探索《米德尔马契》第8章,包含原始英文文本、简体中文翻译、详细的雅思词汇与解释,以及英文原版音频。聆听并提升你的阅读技能。
我们的行为从远方伴随着我们,我们过去的所作所为塑造了现在的我们。
布尔斯特罗德在利德盖特离开斯通庄园后的第一件事,就是检查拉弗尔斯的口袋。他猜想,如果拉弗尔斯自称因生病且没钱而直接从利物浦赶来不属实的话,那口袋里肯定会有他沿途住宿的旅馆账单作为证据。他的钱包里塞满了各种账单,但除了今早的一张外,其他任何地方的账单日期都没有晚于圣诞节。这张账单和一张关于马市的手传单一起皱巴巴地塞在他后裤袋里,是在举行马市的比尔克利一家旅馆住了三天的费用--那是一个离米德尔马契至少四十英里的城镇。账单数目不小,而且拉弗尔斯没有携带行李,看来他很可能是把行李箱作为抵押留在那里,以便省下旅费;因为他的钱包是空的,口袋里只有几个六便士和一些零散的便士。

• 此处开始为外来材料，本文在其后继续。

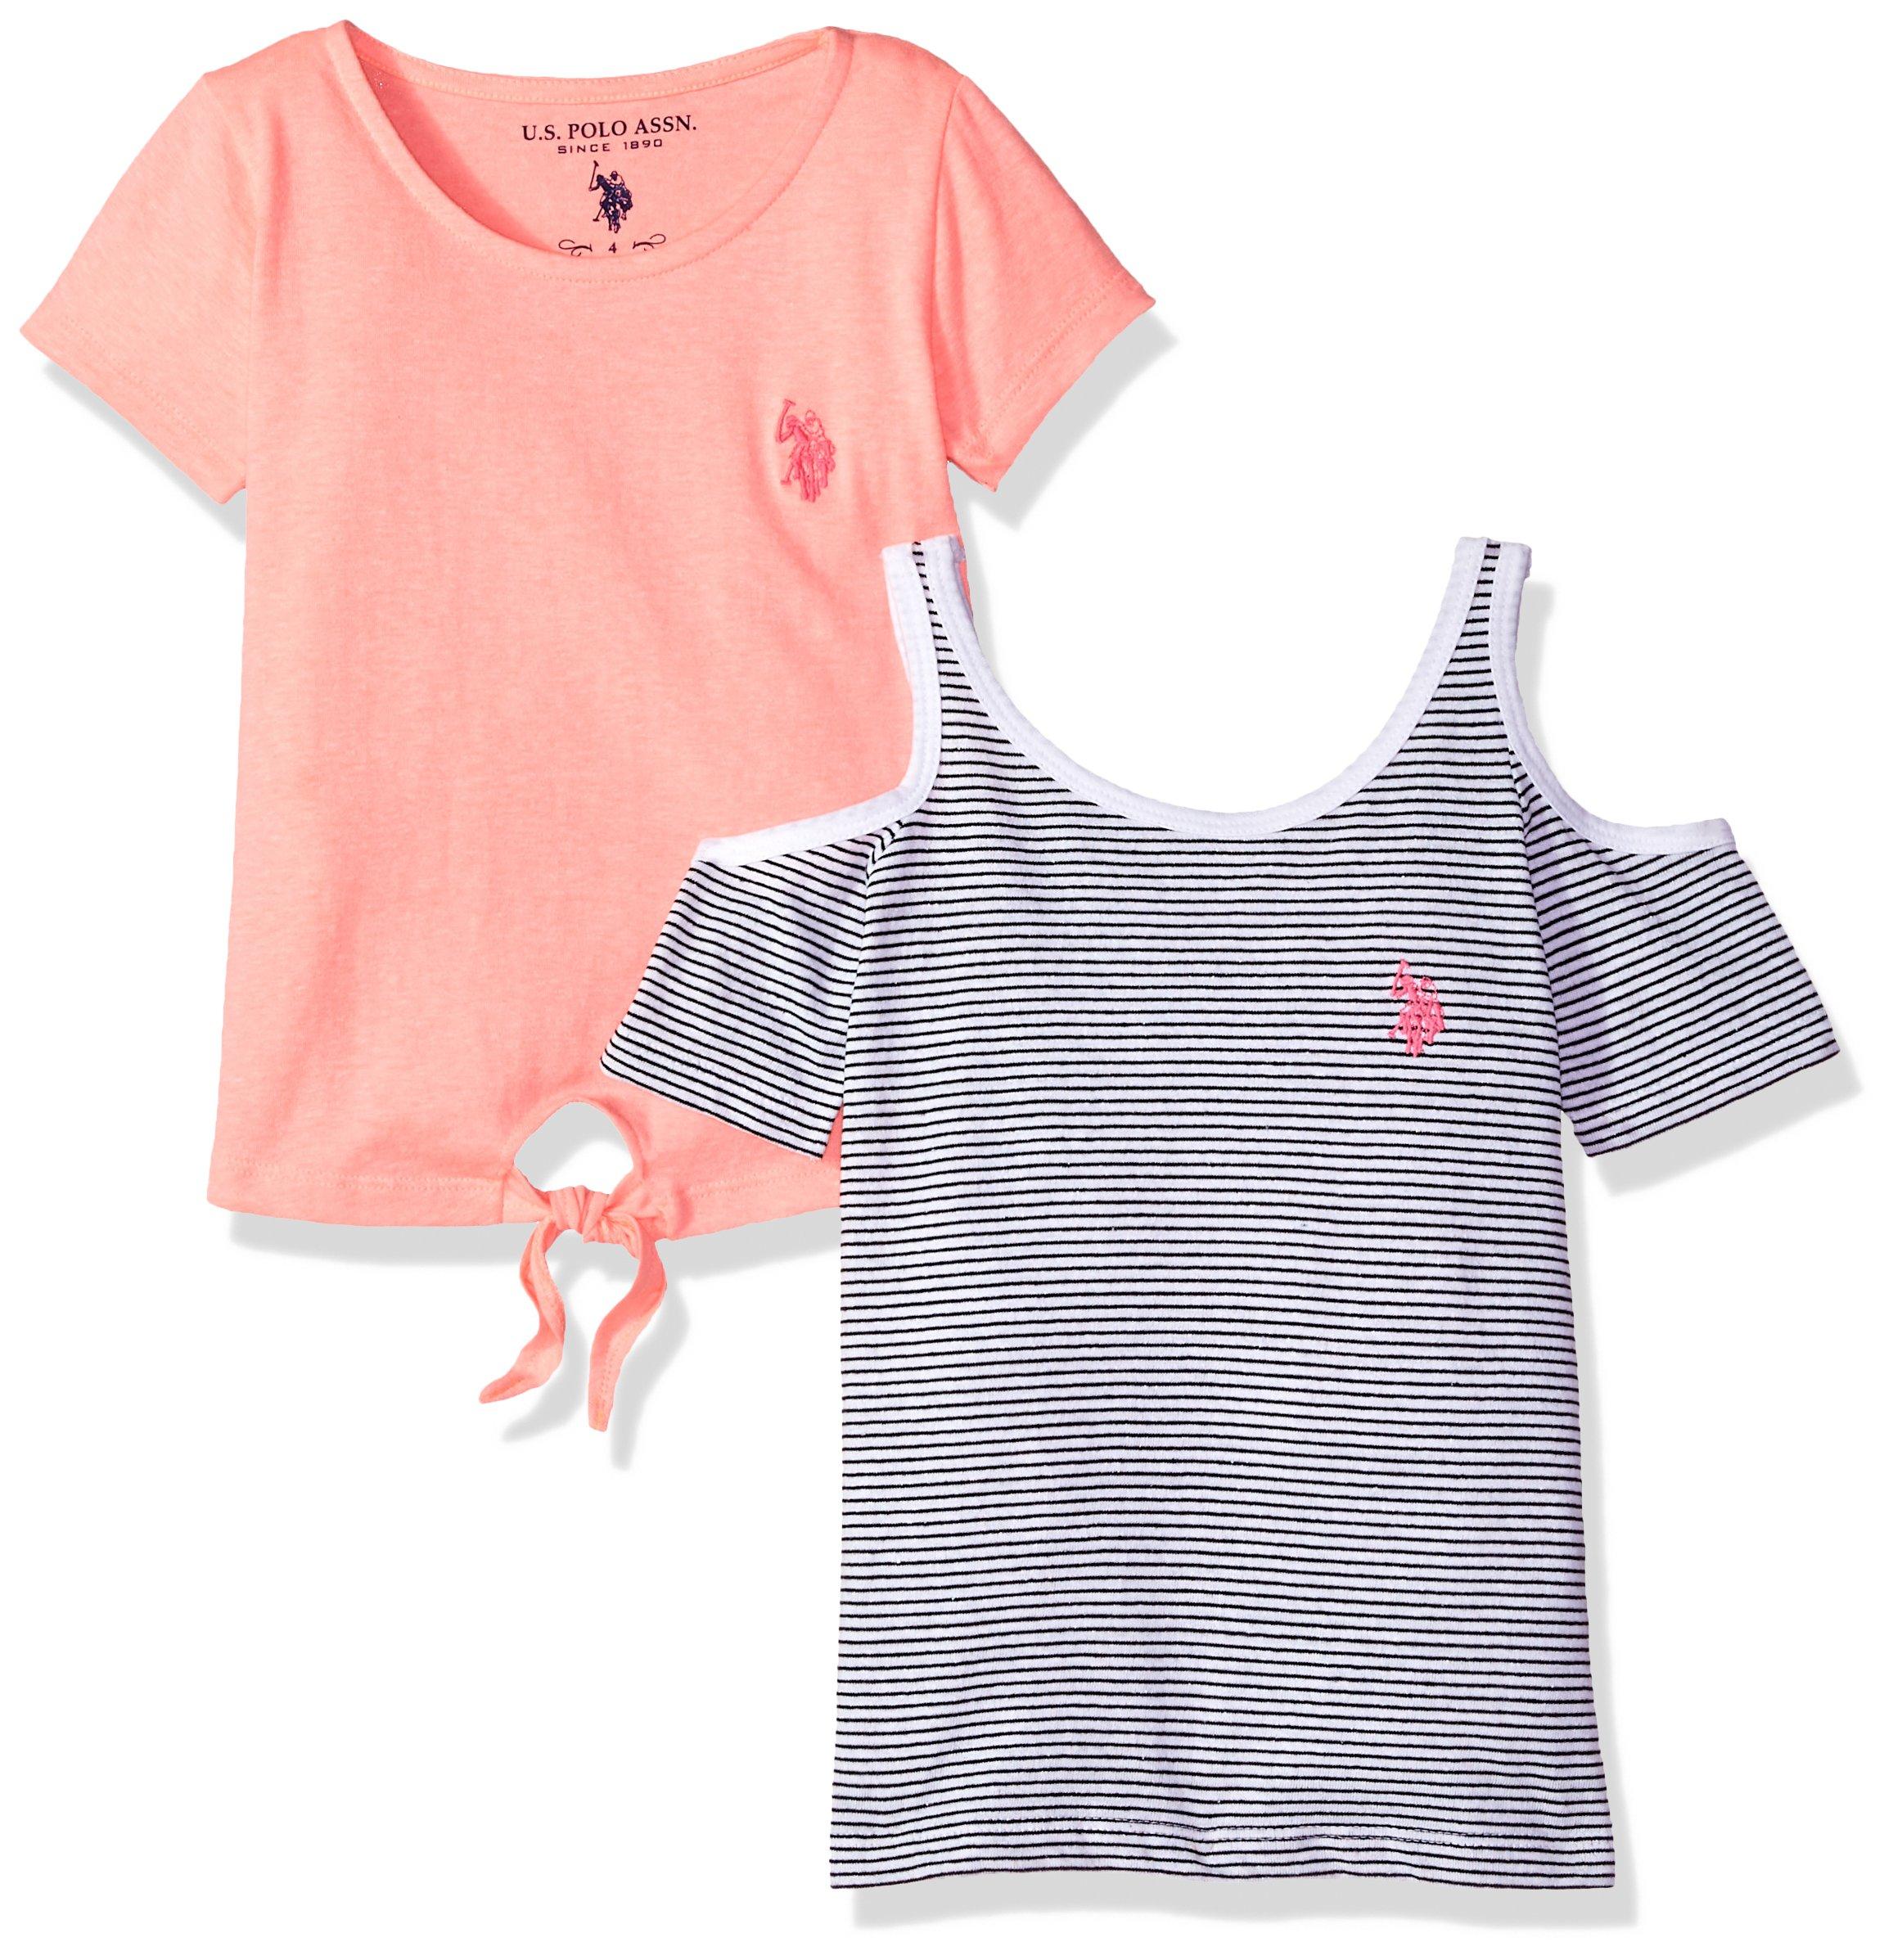 U.S. Polo Assn. Little Girls' T-Shirt and Tank Shirt Pack, Black/White Stripe Neon Coral Jersey Multi, 5/6

布尔斯特罗德从这些迹象中获得了安全感,表明拉弗尔斯自圣诞节那次难忘的拜访后,确实一直远离米德尔马契。既然身处远方,周围又是布尔斯特罗德的陌生人,那么拉弗尔斯那种折磨人又自我膨胀的脾性,在讲述关于米德尔马契银行家的陈年丑闻时,又能得到什么满足呢?就算他说了又有什么害处?现在的主要问题是,只要还有一丝危险,即那种清晰的胡言乱语、那种无法解释的讲述冲动(似乎曾对迦勒·加思发作过)出现,就必须看住他;布尔斯特罗德非常担心,怕他在见到利德盖特时也会被这种冲动控制。他独自一人陪了他一整夜,只让管家和衣躺下,以便随时听候召唤,声称自己不想睡觉,而且急于执行医生的嘱咐。他确实忠实地执行了,虽然拉弗尔斯不停地要白兰地,宣称自己在往下沉--大地正在他脚下塌陷。他焦躁不安,无法入睡,但仍然畏缩顺从。当利德盖特要求的食物送来(他拒绝了)以及他要求的其他东西被拒绝时,他似乎把所有恐惧都集中在布尔斯特罗德身上,哀求着不要让他发怒,不要用饥饿来报复他,并强烈发誓说他从未对任何人说过他一句坏话。就连这一点,布尔斯特罗德也觉得不想让利德盖特听到;但更危险的迹象是,在黎明时分,拉弗尔斯的谵妄间歇发作,他突然似乎想像出一个医生在场,对他说话,声称布尔斯特罗德想把他饿死,为的是报复他泄露秘密,而他其实从未泄露过。布尔斯特罗德天生的专横和坚定的决心帮了他大忙。这个外表纤弱、自己内心也紧张不安的人,在严峻的环境中找到了所需的刺激,在那艰难的一夜和早晨,他虽然像一具没有体温的活尸般僵直,却用冰冷的冷漠保持着掌控力,他的头脑却在紧张地思考着必须防范什么,以及什么能给他带来安全。无论他献上什么祈祷,无论他在内心如何陈述这个可怜人的可悲精神状况,以及他自己有责任服从神的惩罚,而不是希望他人遭殃--在所有这些将言语凝缩为坚实现状的尝试中,他渴望的那些事件的图像,带着不可抗拒的鲜明度刺穿并蔓延开来。而在这些图像之后,又出现了它们的辩解。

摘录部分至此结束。